(SUPPLIED INFORMATION Opens)

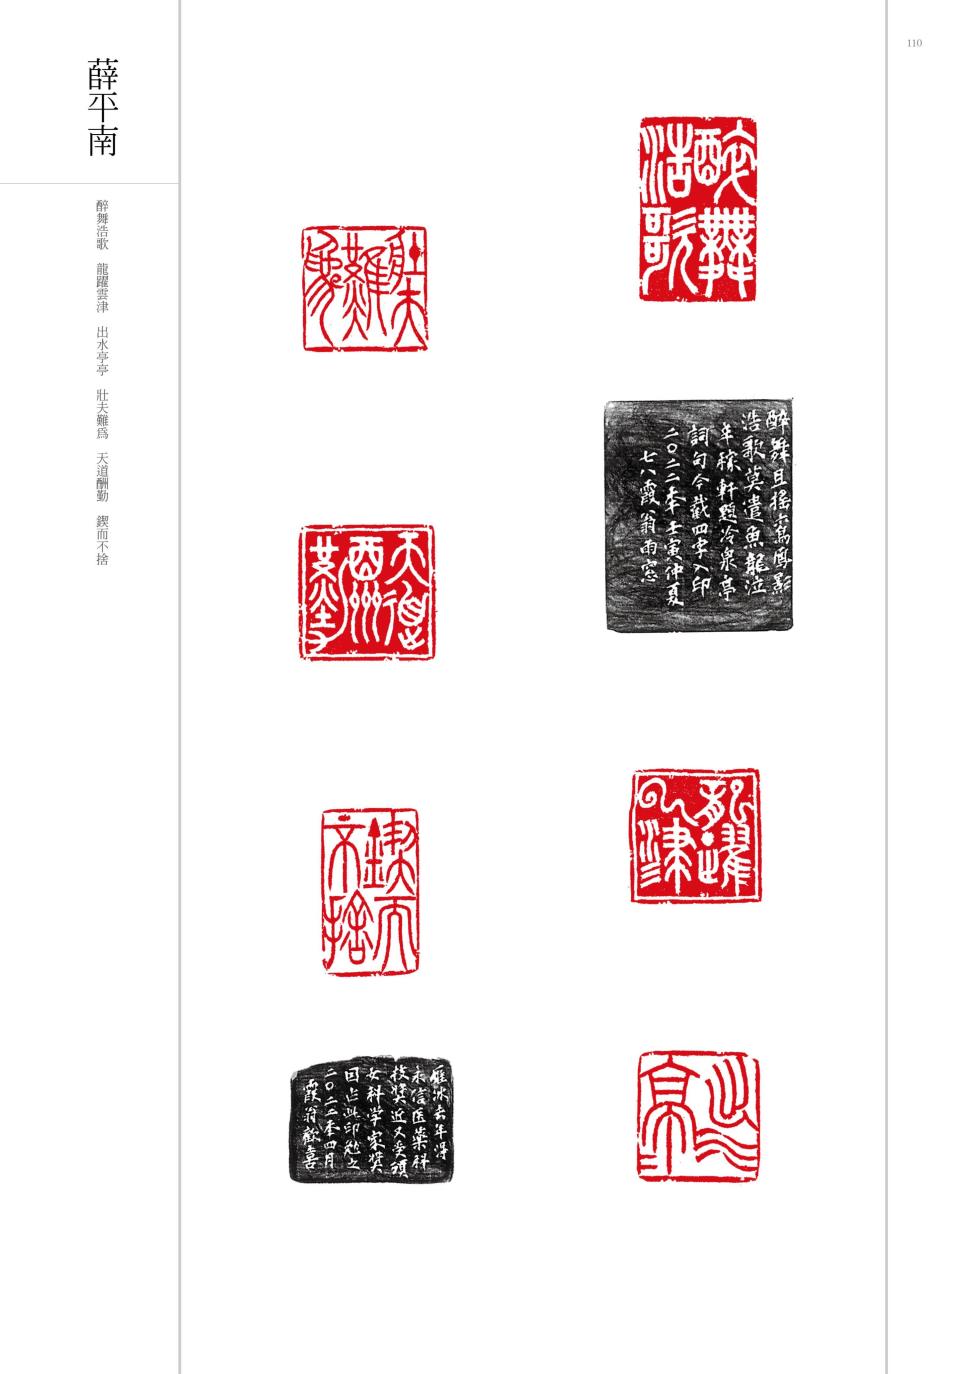 「2022兩岸漢字文化藝術節」展出薛平南大師篆刻作品
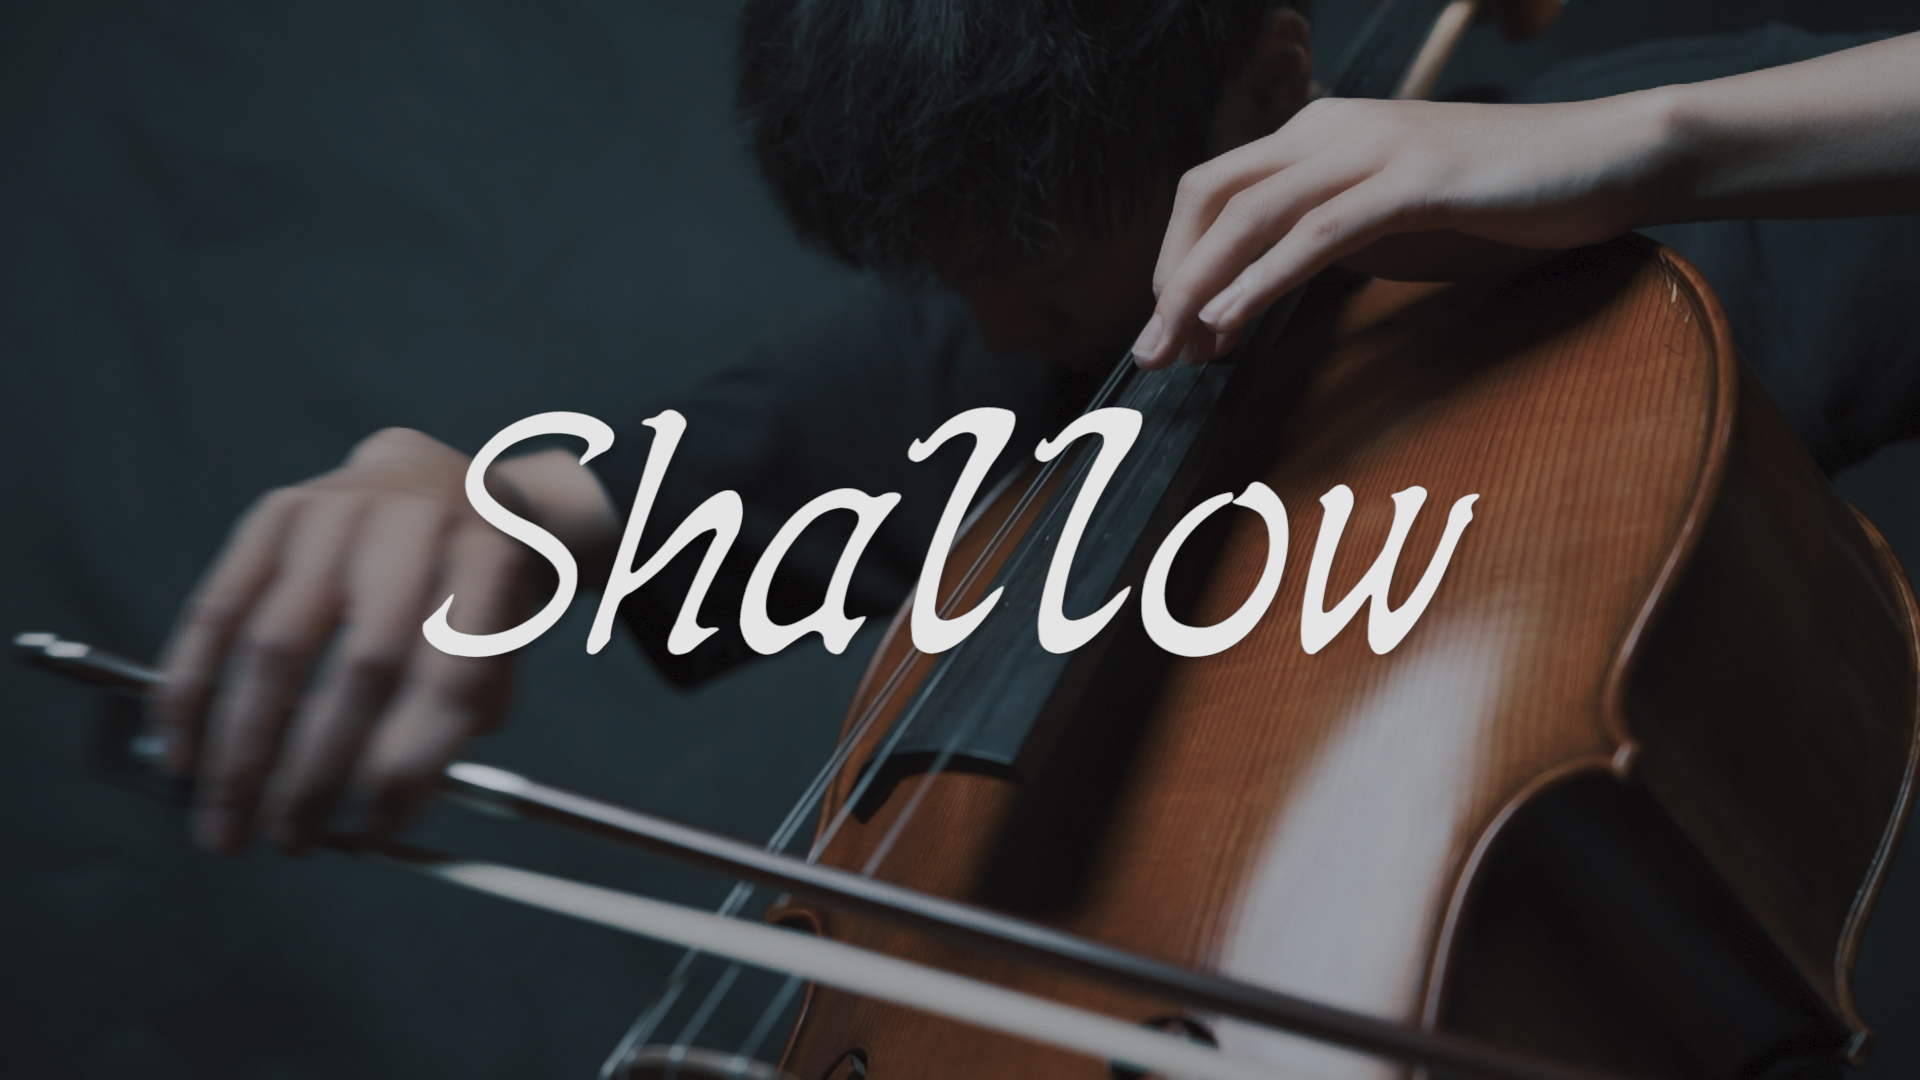 Shallow - Lady Gaga, Bradley Cooper 《擱淺帶》 (一個巨星的誕生）cello cvoer大提琴演奏 『cover by YoYo Cello』
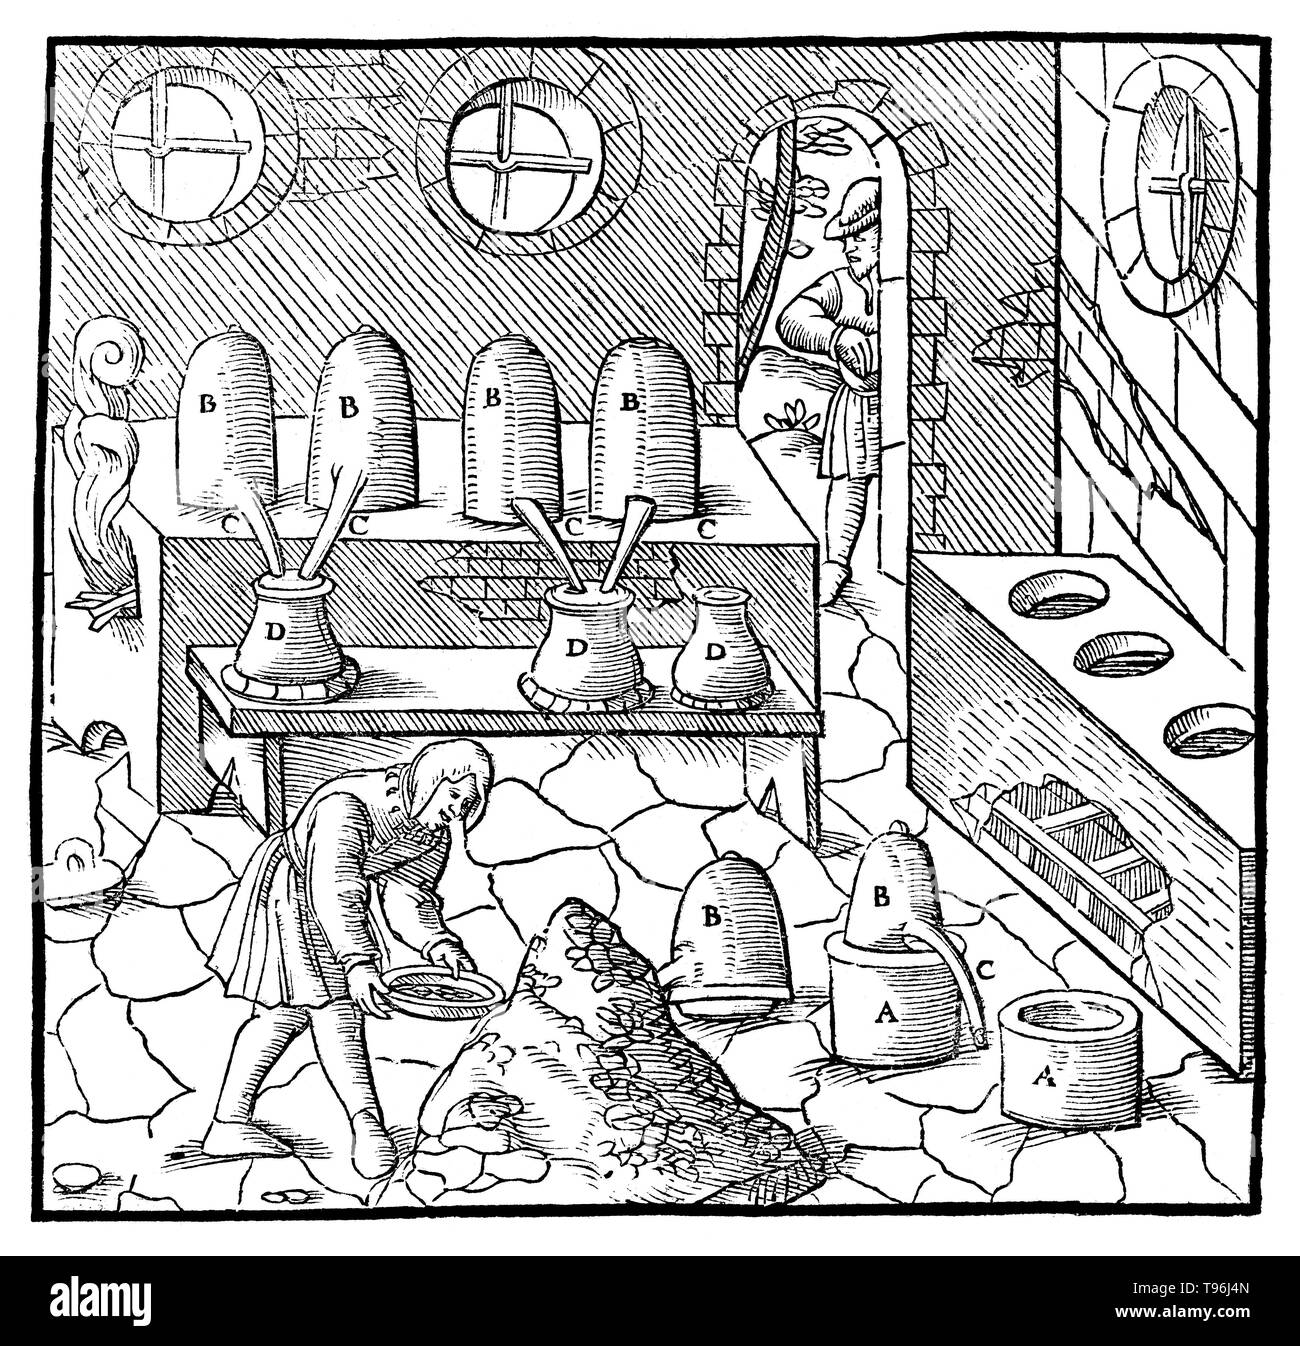 Gravure sur bois à partir De Re Metallica. La distillation de quicksilver (raffinage). Georgius Agricola (Mars 24, 1494 - Novembre 21, 1555) était un scientifique et chercheur allemand, connu comme ''le père de la minéralogie''. En 1556 il publie son ouvrage De Re Metallica, un traité sur l'exploitation minière et la métallurgie extractive, de gravures sur bois illustrant les processus pour extraire des minerais depuis le sol et le métal du minerai, et les nombreuses utilisations des moulins à eau dans l'exploitation minière. Banque D'Images
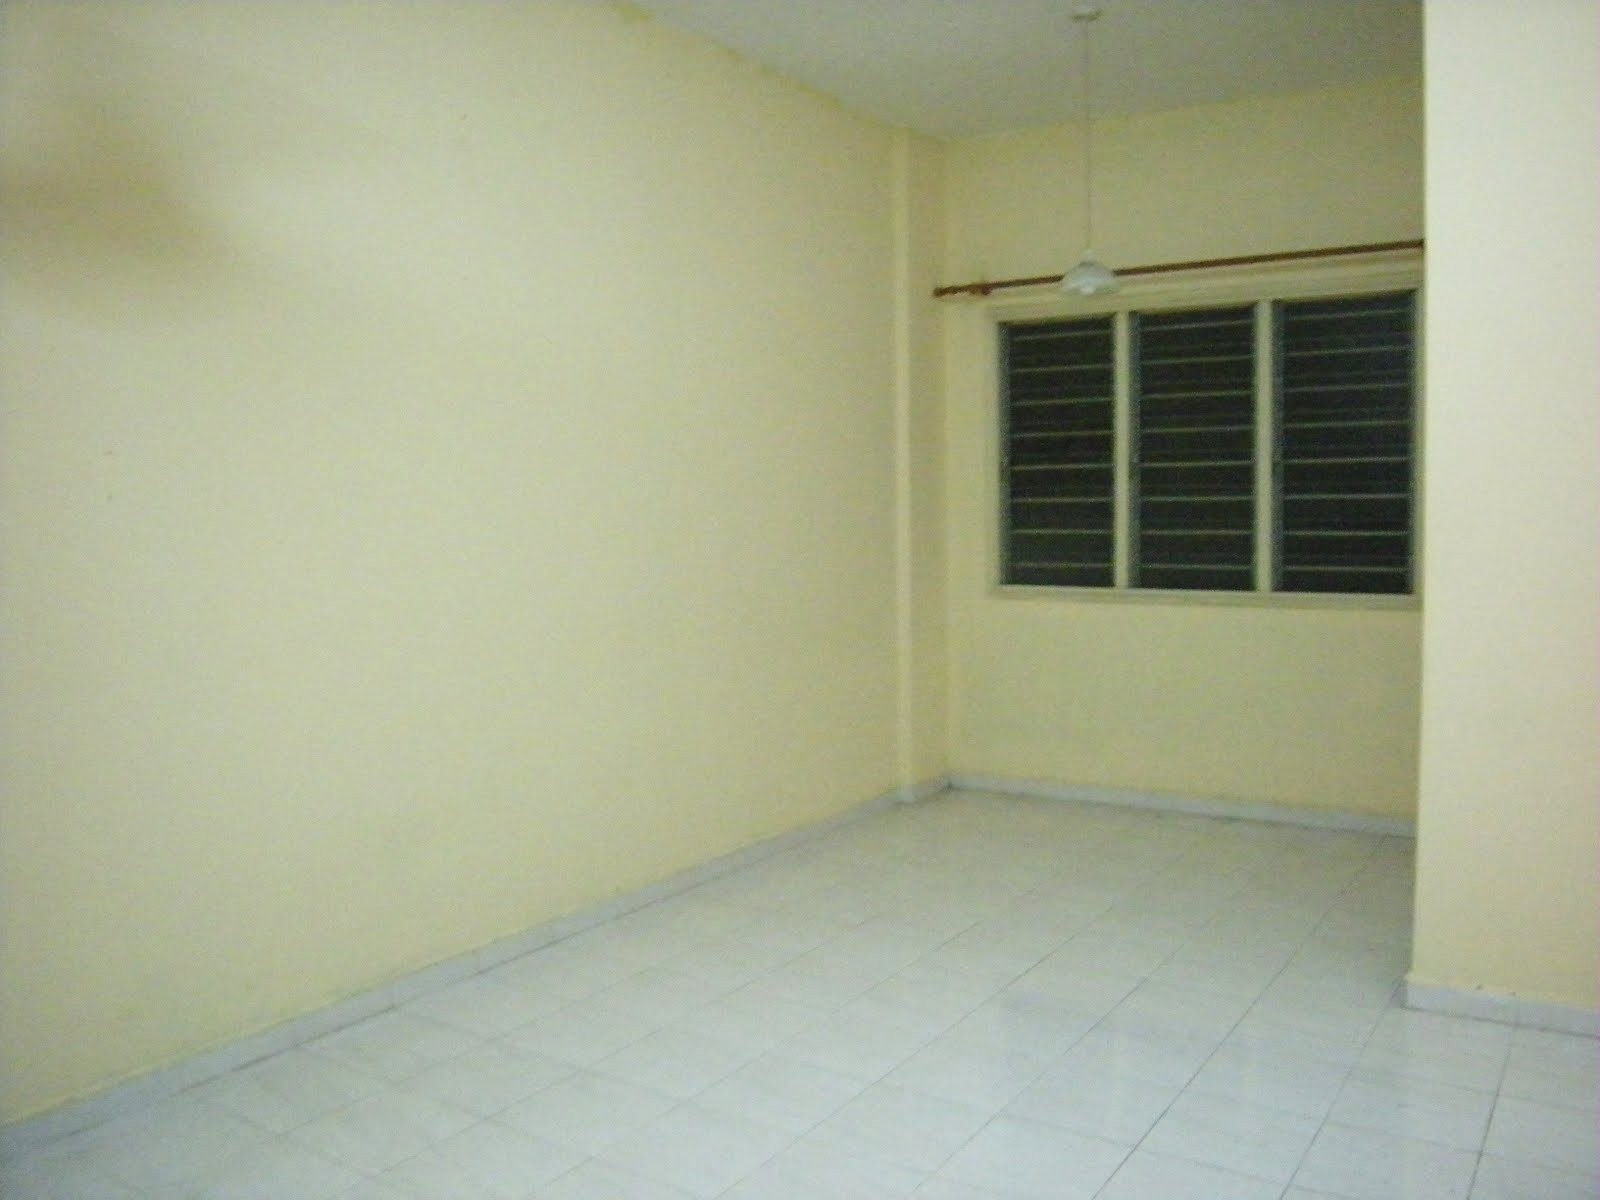 wallpaper dinding ruang tamu murah,property,room,floor,building,real estate

(SUPPLIED INFORMATION Closes)

> TASK GOAL
All of the data must be given again exactly, without the pictures.

> RESULT
 「2022兩岸漢字文化藝術節」展出薛平南大師篆刻作品
 Shallow - Lady Gaga, Bradley Cooper 《擱淺帶》 (一個巨星的誕生）cello cvoer大提琴演奏 『cover by YoYo Cello』
 Gravure sur bois à partir De Re Metallica. La distillation de quicksilver (raffinage). Georgius Agricola (Mars 24, 1494 - Novembre 21, 1555) était un scientifique et chercheur allemand, connu comme ''le père de la minéralogie''. En 1556 il publie son ouvrage De Re Metallica, un traité sur l'exploitation minière et la métallurgie extractive, de gravures sur bois illustrant les processus pour extraire des minerais depuis le sol et le métal du minerai, et les nombreuses utilisations des moulins à eau dans l'exploitation minière. Banque D'Images
 wallpaper dinding ruang tamu murah,property,room,floor,building,real estate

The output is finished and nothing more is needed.